● **STORED DATA**
*** Begin section ***

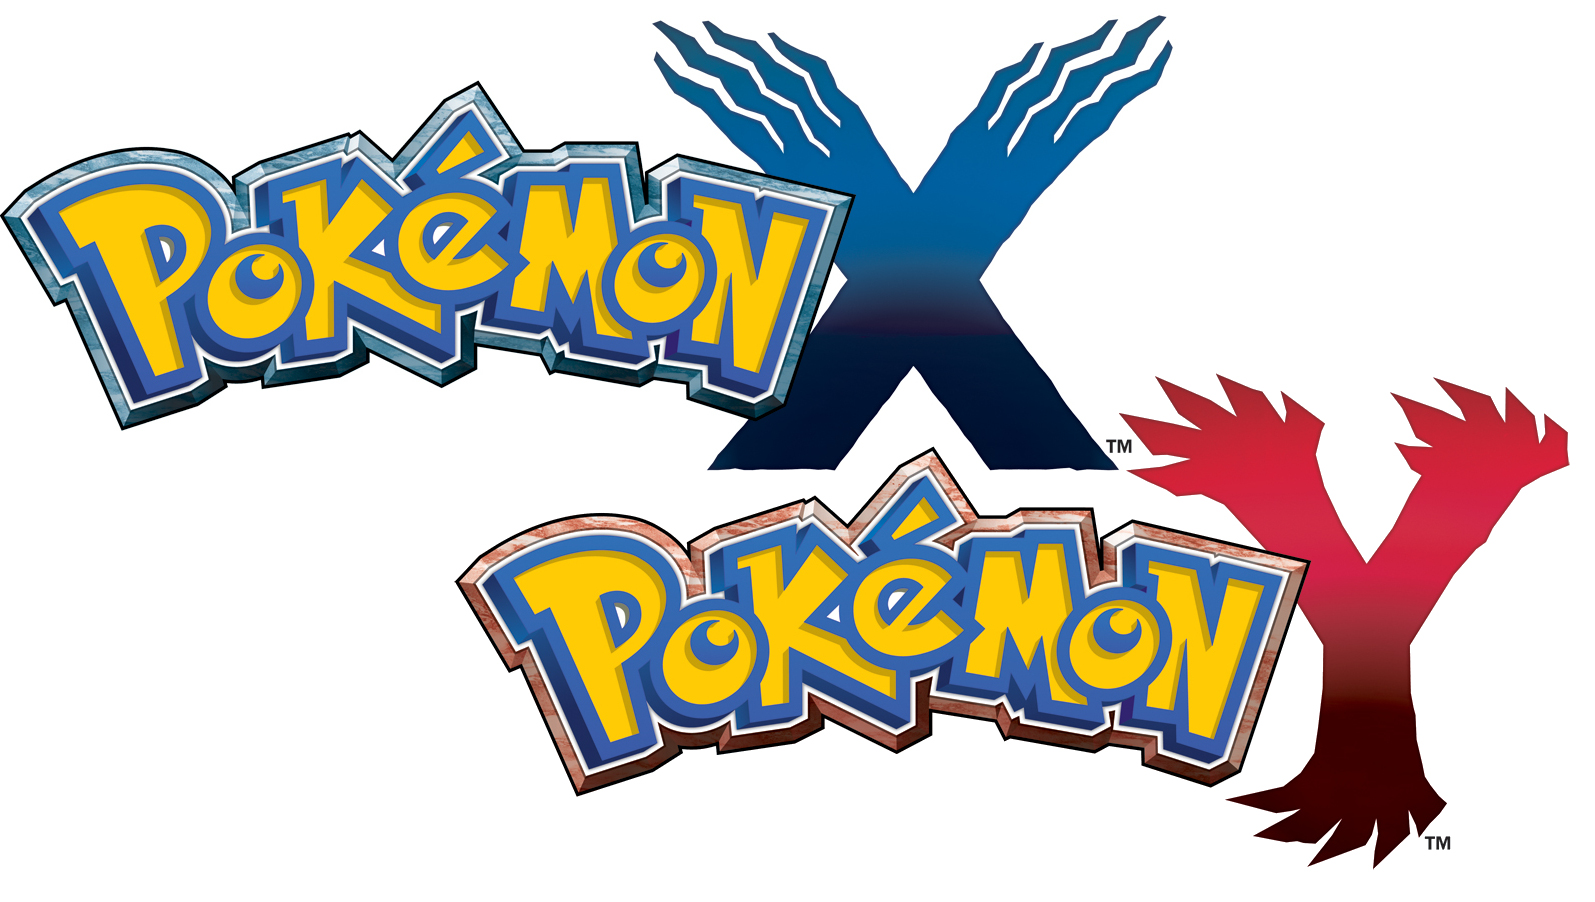 Pokemon_X_ja_Y
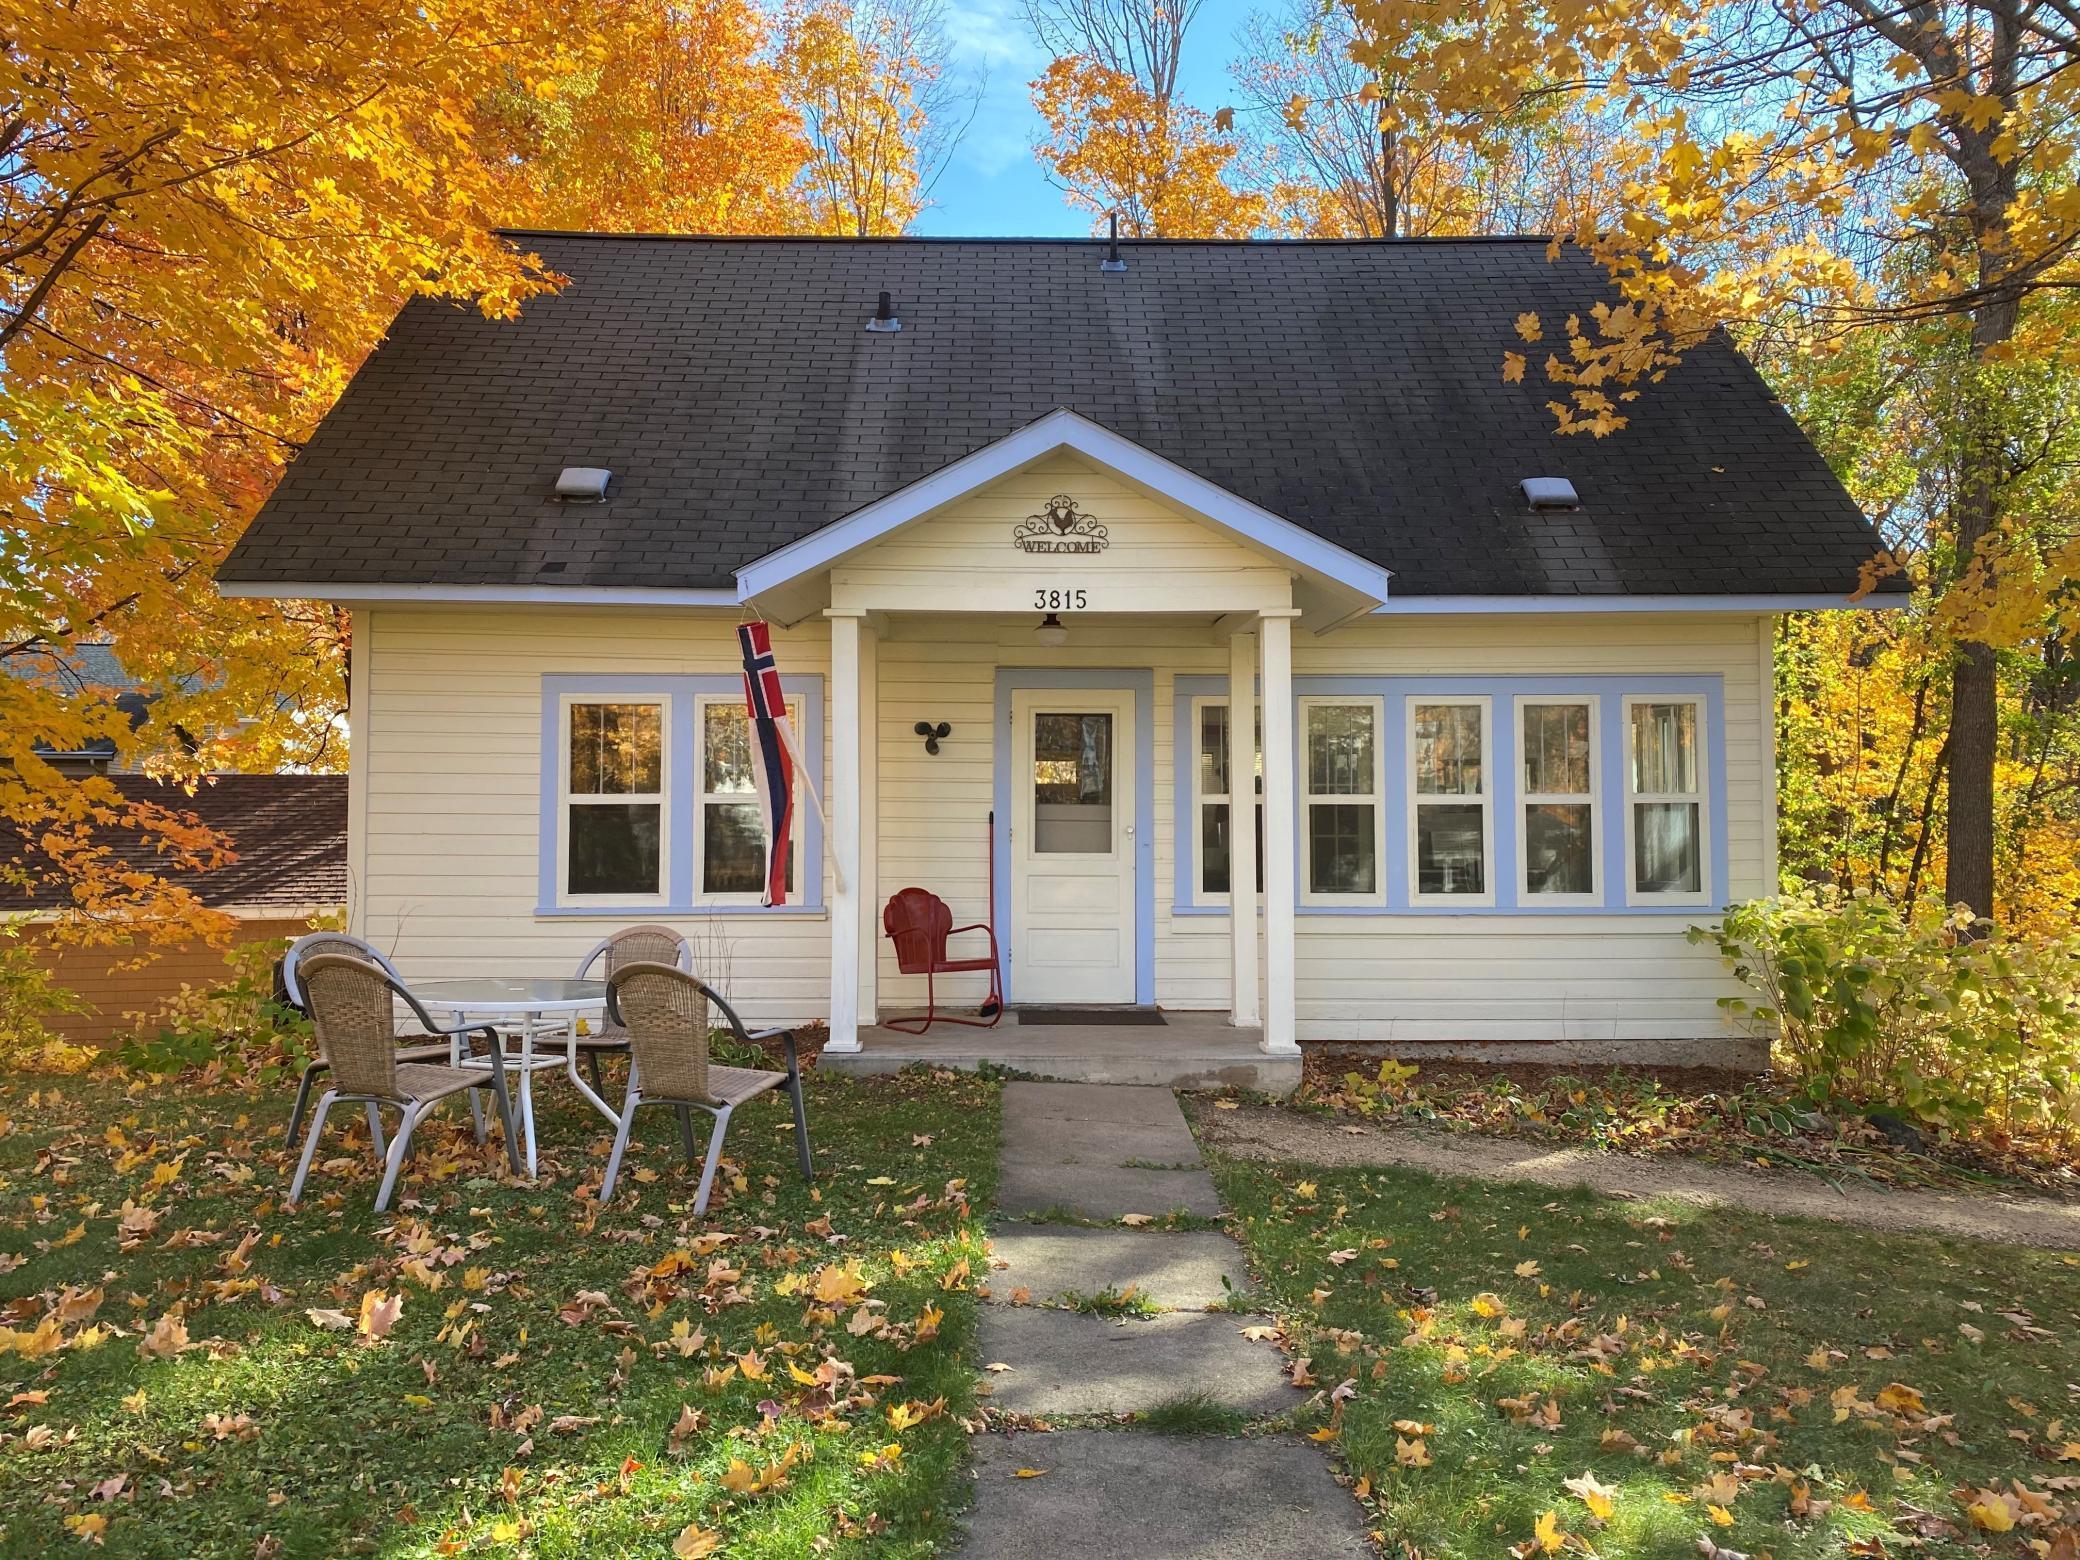 3815 Deephaven Avenue Property Photo - Deephaven, MN real estate listing
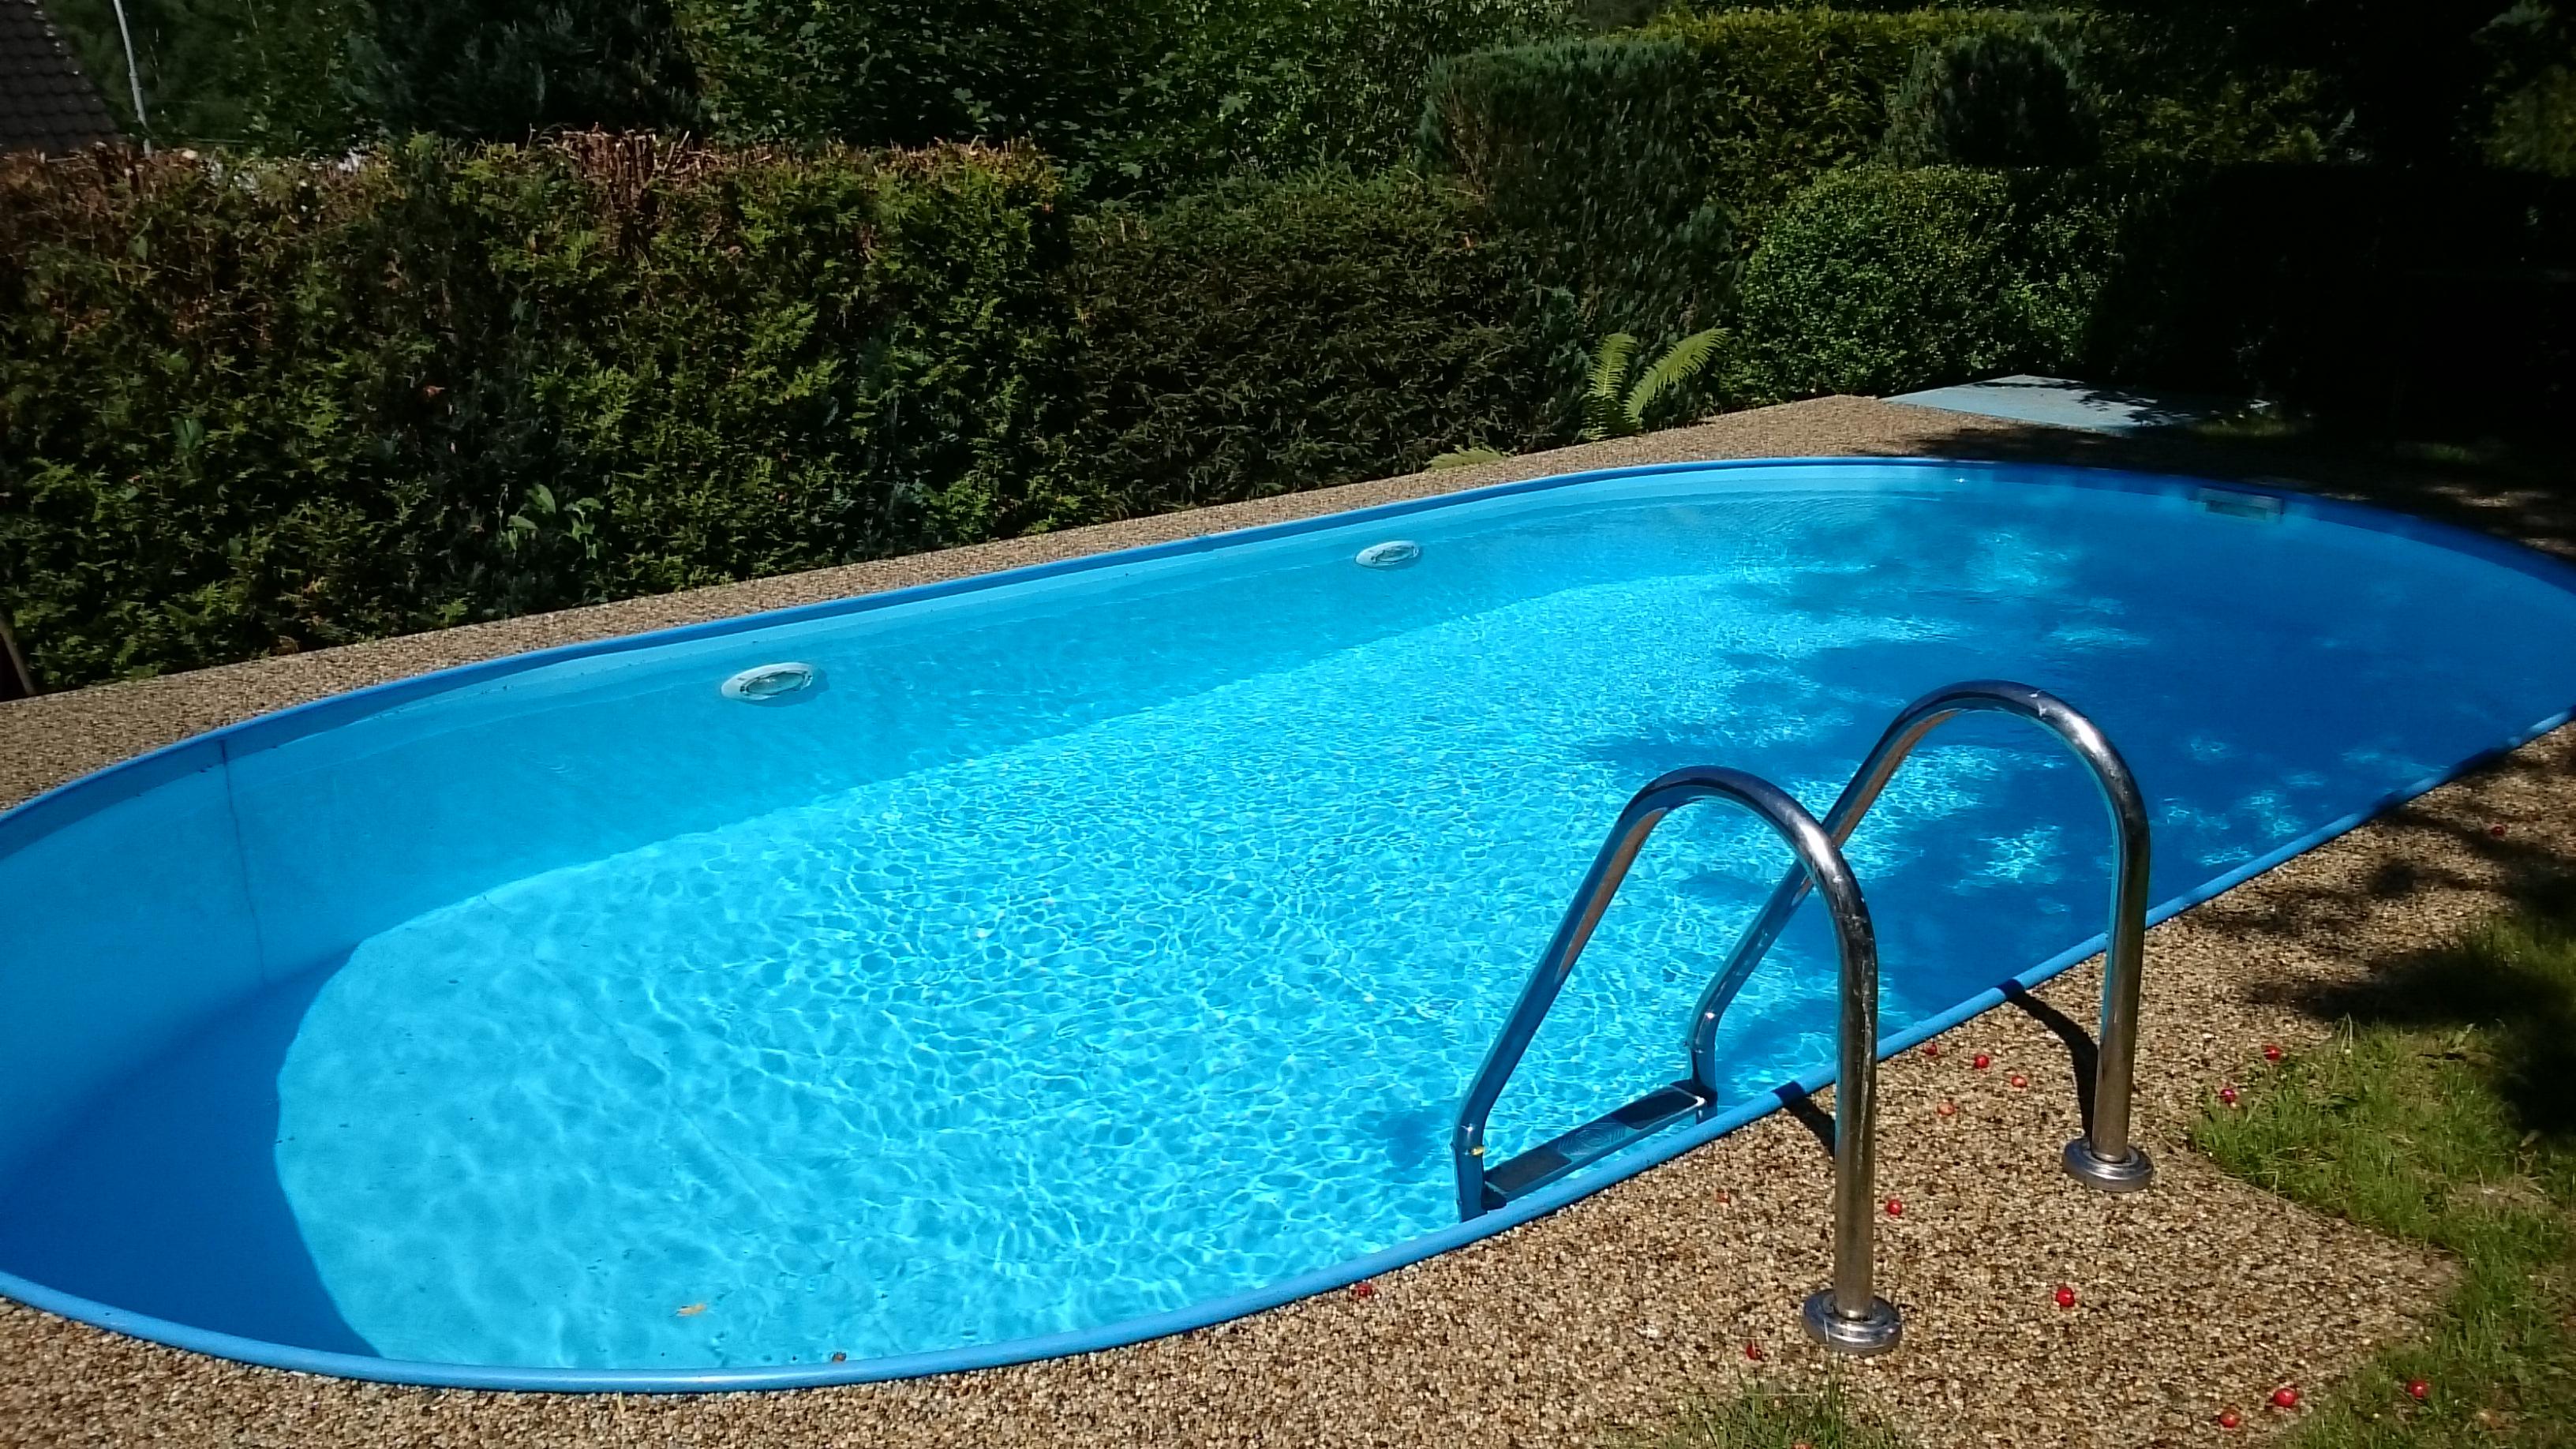 Venkovní bazén/ Outdoor Pool/ Freibad

*** End section ***

● **EXERCISE PROMPT**
Up to and including the last line of the listing, starting at the line with "3815 Deephaven Avenue", extract every line exactly and leave out the pictures.

● **WRITTEN ANSWER**
 3815 Deephaven Avenue Property Photo - Deephaven, MN real estate listing
 Venkovní bazén/ Outdoor Pool/ Freibad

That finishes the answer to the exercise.